It’s been a hectic year, and I’m currently embedded in the BBC Archive Development team until at least April, though I’ll be continuing my work with Digital Planet, Focus Magazine and the Billboard, as well as other gigs that come up during 2010.
In the meantime, here are two of my stories that I didn’t get round to posting here:
The Media and The Message (BBC Technology site, 16 December)
Like thousands of other people around the world I’ve just spent £2.39 on The Guardian newspaper’s iPhone app.

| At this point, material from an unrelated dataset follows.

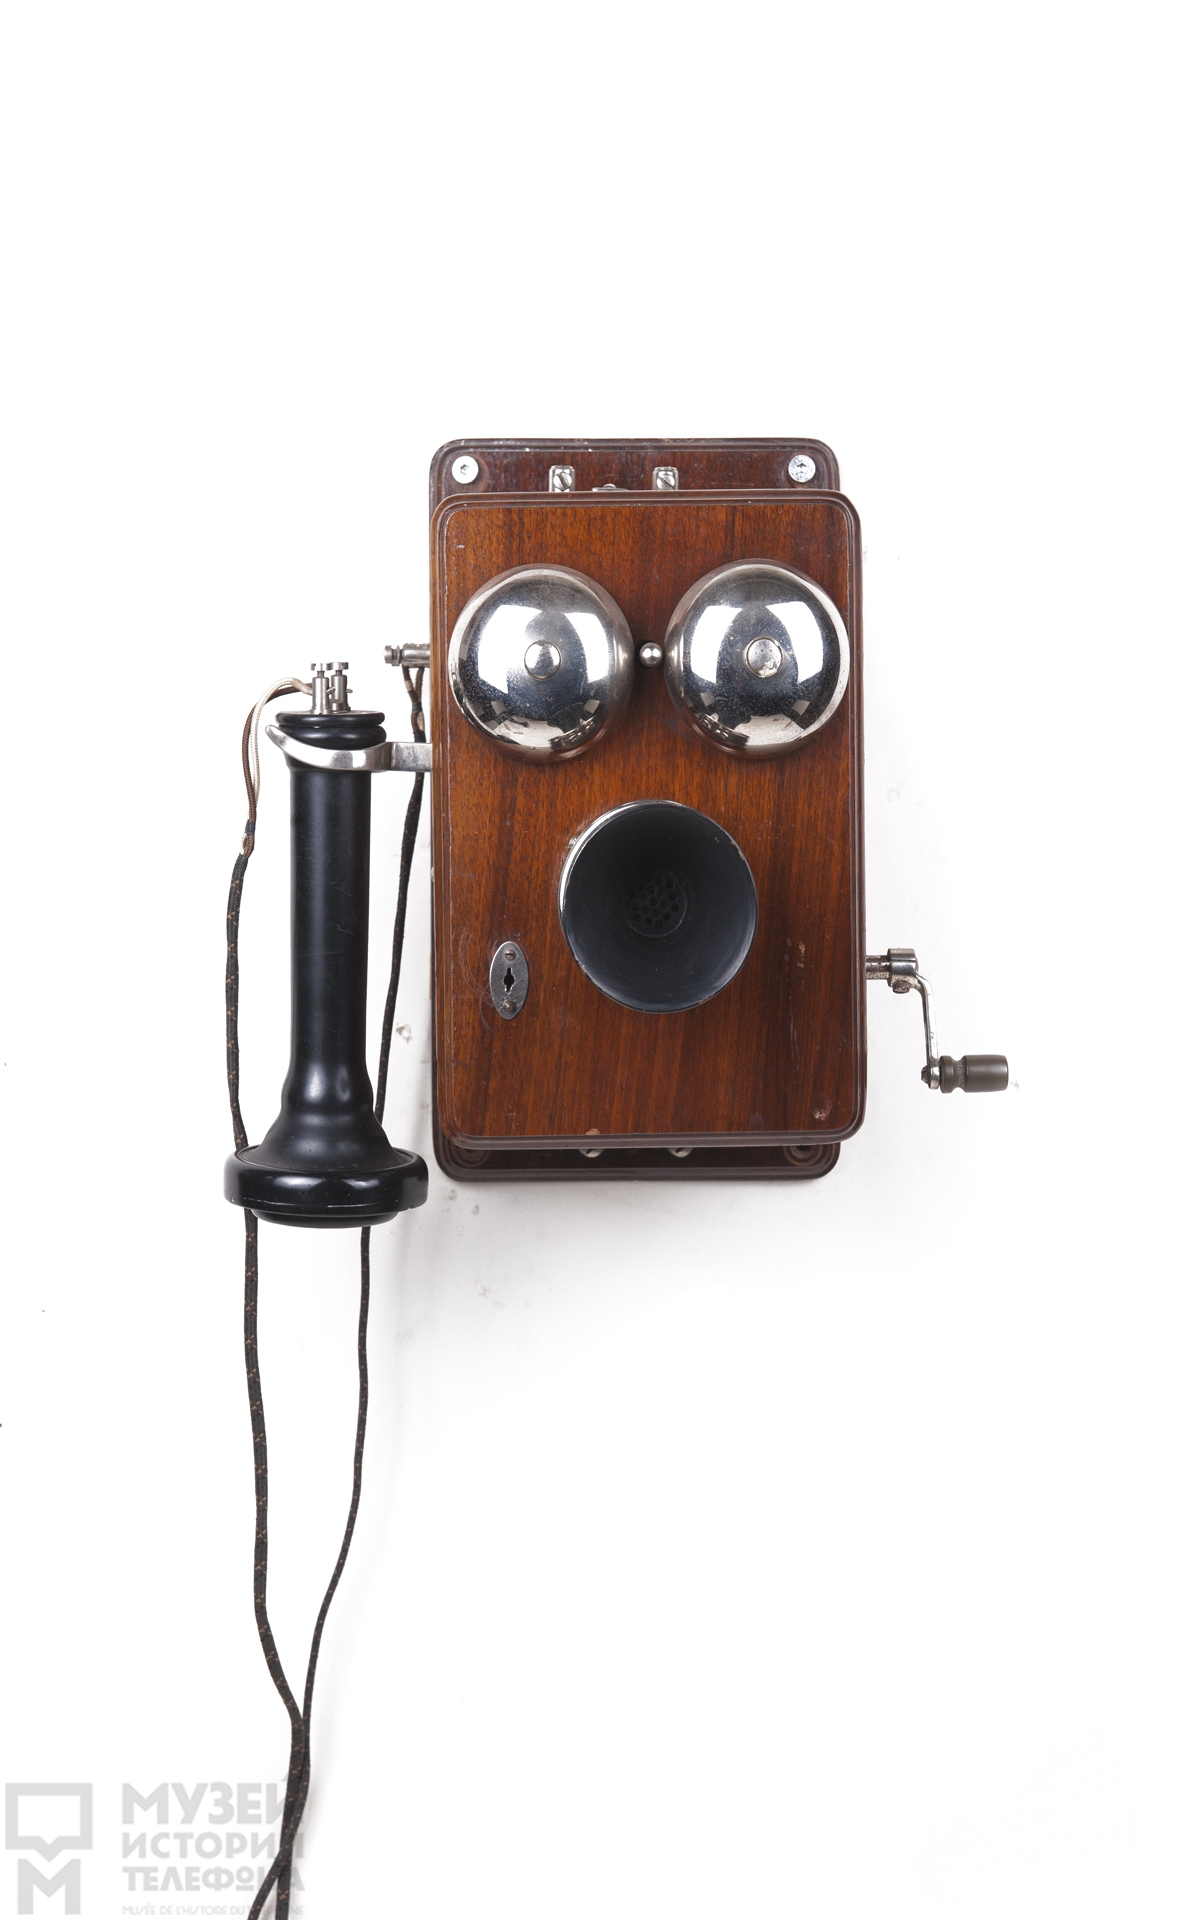 Телефонный аппарат индукторного вызова с микрофоном, наушником в виде трубки Белла и поляризованным звонком, деревянный корпус

I can now read the paper onscreen, with some sections nicely cached for offline browsing and a cleverly designed user interface that lets me put the Media and Technology sections at the top of the paper, mark articles as favourites and quickly find related stories.
And Ten Years After Doomsday (BBC Technology site, 8 December)
I spent the evening of 31 December, 1999 in the company of Rolf Harris, Peter Snow and a large number of other people in a studio at Television Centre in London, seeing in the New Year as the nation’s official Millennium Bug watcher.
As anyone who knows about calendars will tell you, the real millennium didn’t start until a year later, but I was there because of the very real fear that major computer systems around the world would crash because they could not handle the rollover from 1999 to 2000.
My job on New Year’s Eve was to interrupt festivities every hour of the evening to report on what was happening at midnight in different countries around the world.
Merry Christmas to all of you who celebrate such things, Happy Holidays for those who don’t but live in places that do, and ‘have a nice day’ to everyone else…
Hi Bill. I’ve only recently started tweeting but have enjoyed your articles in Focus and on the ‘net. I retired as a PC World in-store technician in July and have devoted a page on my website to my thoughts about poking around in customers’ hard disks etc.
There’s also images and rendered animations on the page. I’ll paste the URL into a tweet reply.
best wishes, Dave Henniker
Bill
One of the great joys of the interwebs is the feeling (even if not actual) that there is a connection with others in vastly different circumstances and in other places.
The information shared along with Gareth on Digital Planet, your involvement in it and the other bits of stuff that pop up due to Facebook and twitter has filled me with interest and joy of what is shared with the world.
Thanks for what you’ve produced and I look forward to more in the New Year.